Nucleoside-diphosphate kinases (NDPKs, also NDP kinase, (poly)nucleotide kinases and nucleoside diphosphokinases) are enzymes that catalyze the exchange of terminal phosphate between different nucleoside diphosphates (NDP) and triphosphates (NTP) in a reversible manner to produce nucleotide triphosphates. Many NDP serve as acceptor while NTP are donors of phosphate group. The general reaction via ping-pong mechanism is as follows: XDP + YTP ←→ XTP + YDP (X and Y each represent different nitrogenous base). NDPK activities maintain an equilibrium between the concentrations of different nucleoside triphosphates such as, for example, when guanosine triphosphate (GTP) produced in the citric acid (Krebs) cycle is converted to adenosine triphosphate (ATP). Other activities include cell proliferation, differentiation and development, signal transduction, G protein-coupled receptor, endocytosis, and gene expression.

==Structure==
NDPK are homohexameric proteins made up of monomers approximately 152 amino acids long with a theoretical weight of 17.17KDa. The complex is found in mitochondria and in the soluble cytoplasm of cells.

== Function ==
NDPK are found in all cells, displaying not much specificity towards the types of nucleoside bases and are capable of accepting nucleotides and deoxyribonucleotides as substrates or donors. Therefore, NDPK is the source of RNA and DNA precursors, except ATP.
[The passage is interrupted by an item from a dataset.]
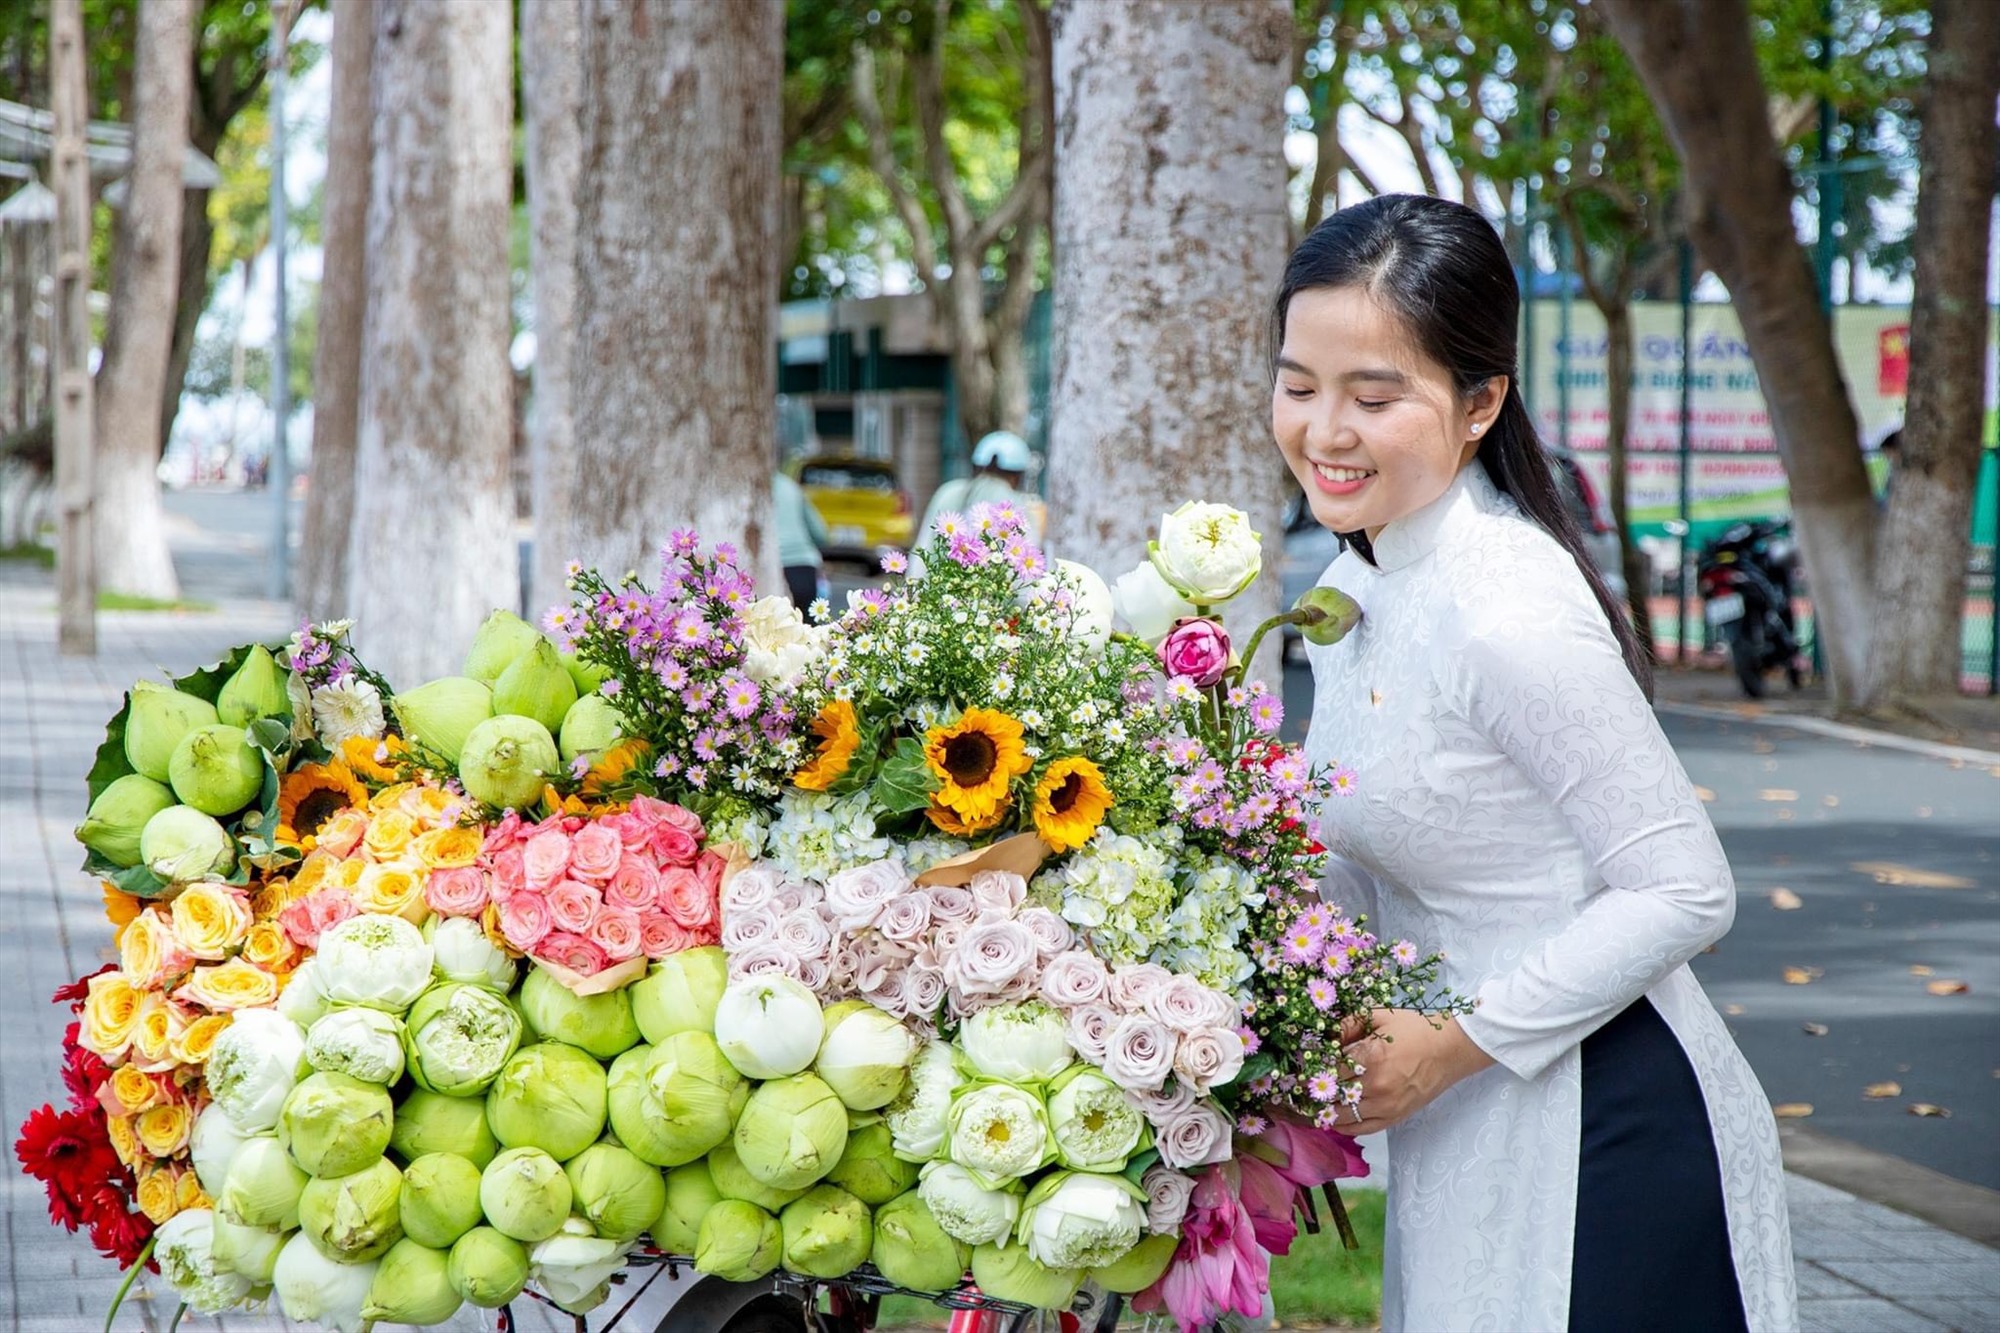 Thiếu nữ trong trang phục áo dài dịu dàng tạo dáng bên xe chở đầy hoa ở bờ hồ Nguyễn Du. Ảnh: Kim Luận

NDPK utilize specific enzyme kinetics for multi-substrate reaction, namely ping-pong mechanism. A ping-pong mechanism integrates phosphorylation of a histidine residue by transferring terminal phosphate group (γ-phosphate) from ATP to NDP β-phosphate in order to produce a NTP, and NDPK catalyzes such reversible reactions. NTP phosphorylates a histidine, which in turn phosphorylates NDP. NDPK are involved in the synthesis of nucleoside triphosphates (NTP), such as guanosine triphosphate (GTP), cytidine triphosphate (CTP) and uridine triphosphate (UTP), thymidine triphosphate (TTP).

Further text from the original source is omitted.